10. The molecule according to claim 7, wherein said lipid acid is undecanoic acid and/or docosahexanenonic acid.

11. The molecule according to claim 7, wherein said hydrophobic peptide protecting group is Fmoc or Thoc.

12. The molecule according to claim 1, wherein said positively charge moiety is a nucleic acid.

13. The molecule according to claim 1, wherein said positively charge moiety is positively charge peptide, peptidomimetic, polycations, 2-O-aminopropyl, 2-O-dimethylaminopropyl, 2-O-imidazolyl-ethyl, 2-O-aminoethylamino-oxyethyl, 2-dimethylaminoethyl-oxyethyl or any derivative thereof.

14. The molecule according to claim 1, wherein said positively charge moiety comprises at least one group of arginine, polyamin and/or guanidine.

15. The molecule according to claim 14, wherein said polyamine is spermine, spermidine or putricine.

16. The molecule according to claim 1, wherein said hydrophobic moiety, said nucleic acid sequence and said positively charge moiety are linked to each other directly via peptide bonds.

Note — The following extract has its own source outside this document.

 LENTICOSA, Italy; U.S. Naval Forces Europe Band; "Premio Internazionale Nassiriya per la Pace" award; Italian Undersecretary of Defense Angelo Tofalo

17. The molecule according to claim 1, further comprising a linker moiety linking between said hydrophobic moiety, said nucleic acid sequence and said positively charge moiety.

18. The molecule according to claim 17, wherein said linker moiety is polyethylene glycol, disulfide, amide, amine, oxyamine, oxyimine, morpholine, thioether, thiourea sulfonamide, ether, ester, carbonate, carbamate, avidin, strepavidin, biotin, praline, lysine, cysteine, guanidine or any combination thereof.

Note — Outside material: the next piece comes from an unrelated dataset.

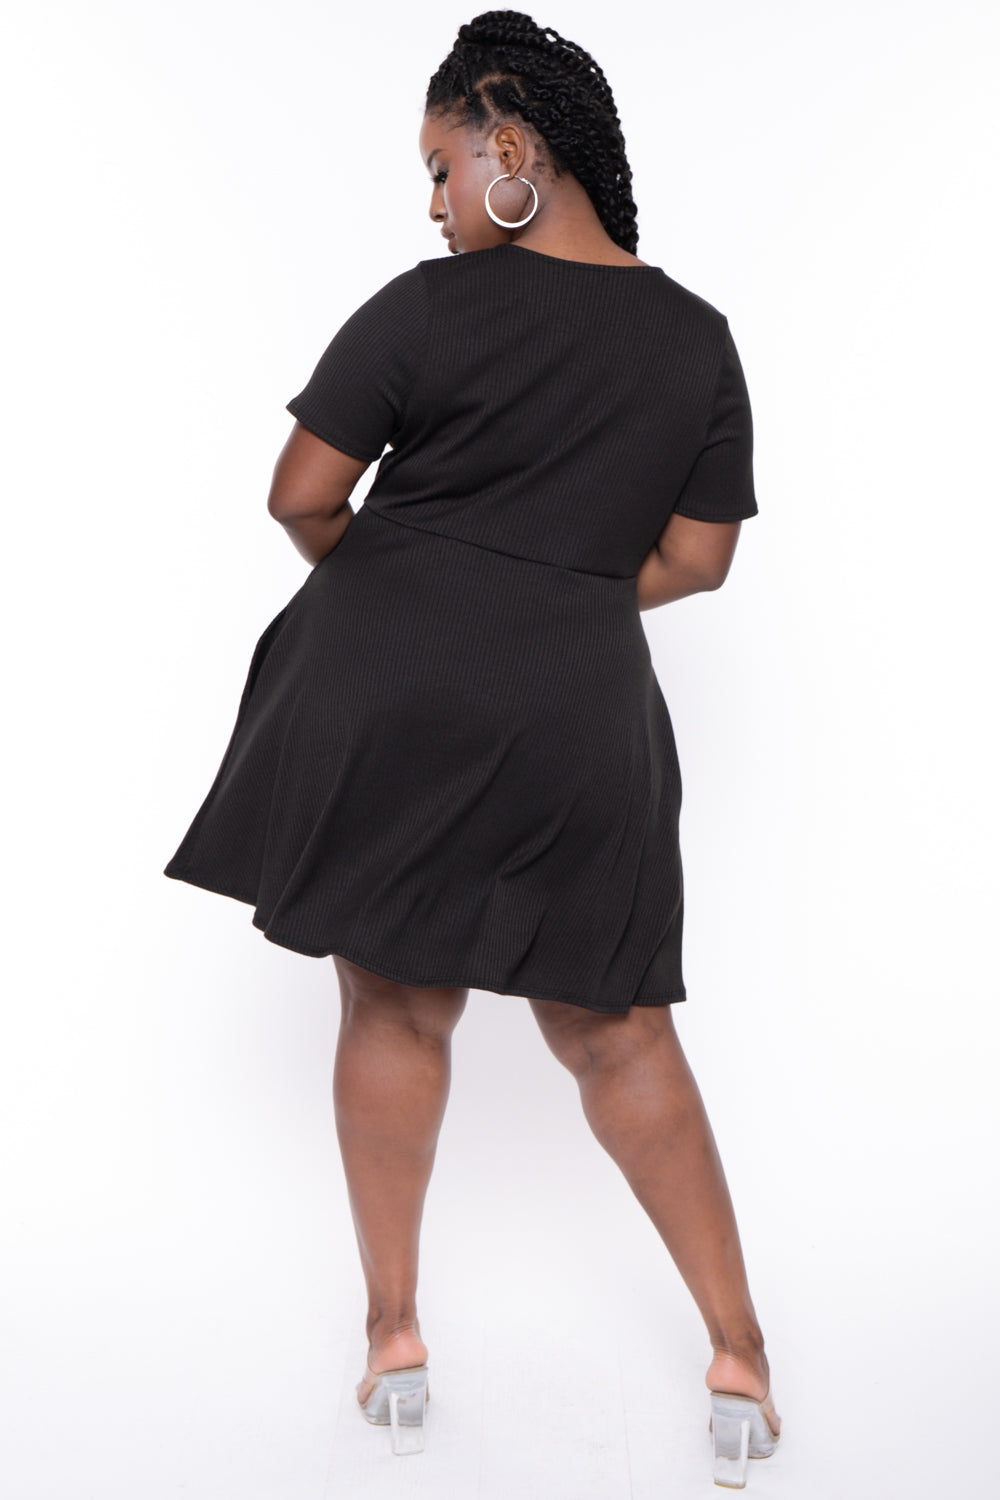 Curvy Sense Dresses Plus Size Ellie Flare Dress - Black

19. The molecule according to claim 18, wherein the molecular weight of said polyethylene glycol is in the range of 2000-40,000.

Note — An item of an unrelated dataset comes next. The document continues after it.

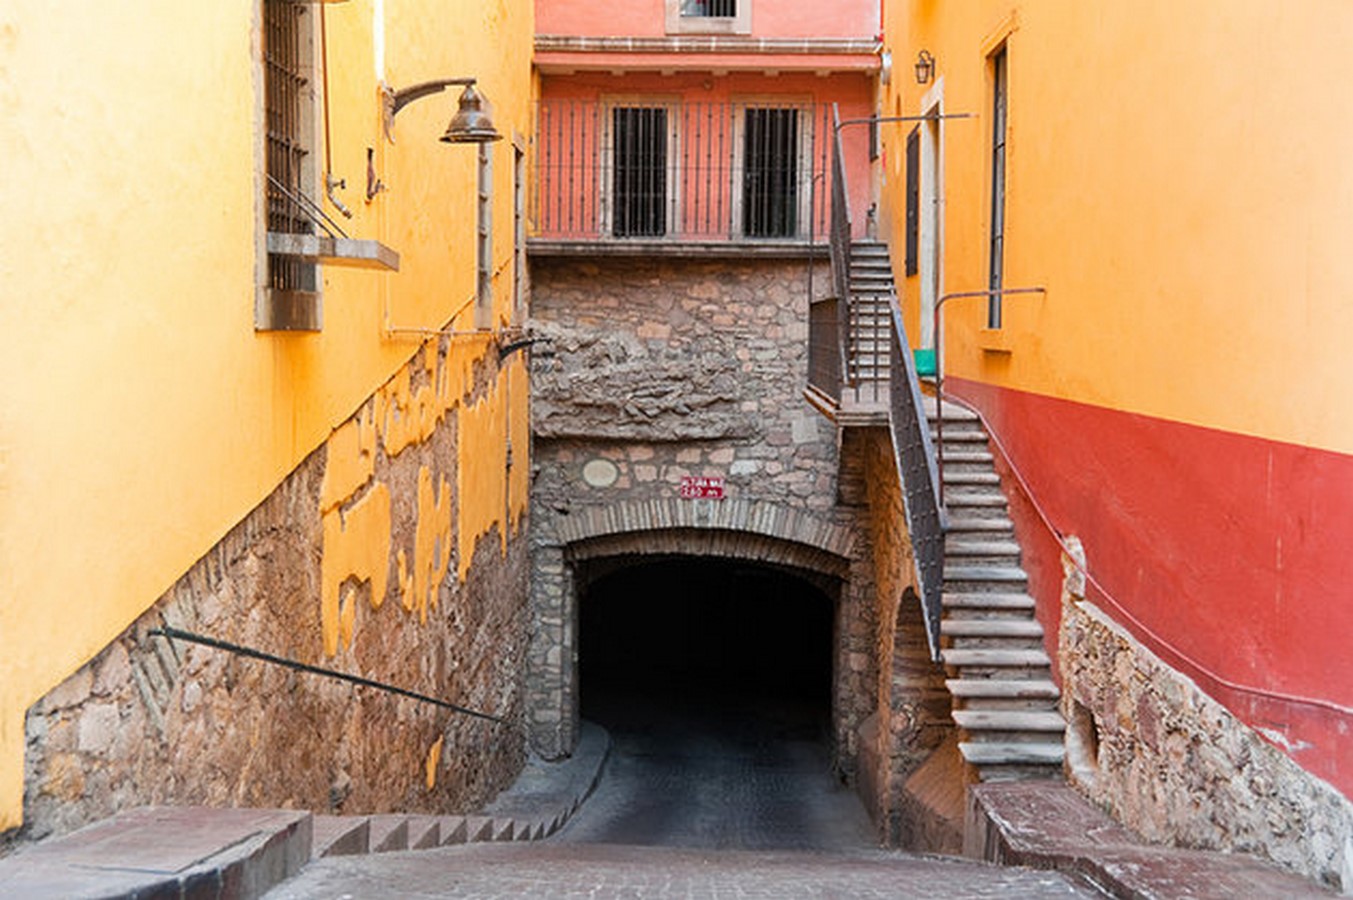 Exploring Guanajuato's Tunnels - Sheet1

20. A composition comprising as an active ingredient an effective amount of one or more molecules according to claim 1, together with one or more pharmaceutically acceptable excipients or adjuvants.

21. The composition according to claim 20, formulated for oral or parenteral or intravenous, transdermal, intranasal administration.

22. A method for delivering a nucleic acid sequence across a cellular membrane comprising the step of applying to a cell an effective amount of one or more molecules according to claim 1.

23. The method according to claim 22, wherein said cell is an endothelial cell, neuronal cell and glial cell.

24. A method for intracellular targeting of a nucleic acid sequence to an intracellular organelle comprising the step of applying to a cell an effective amount of one or more molecules according to claim 1.

25. A method for intracellular targeting of a nucleic acid sequence to an intracellular organelle comprising the step of applying to a cell an effective amount of one or more molecules according to claim 1, wherein said molecule crosses the nuclear membrane.

26. A method for delivering a nucleic acid sequence to the brain across the blood brain barrier, said method comprising the step of administering to a subject an effective amount of one or more molecules according to claim 1.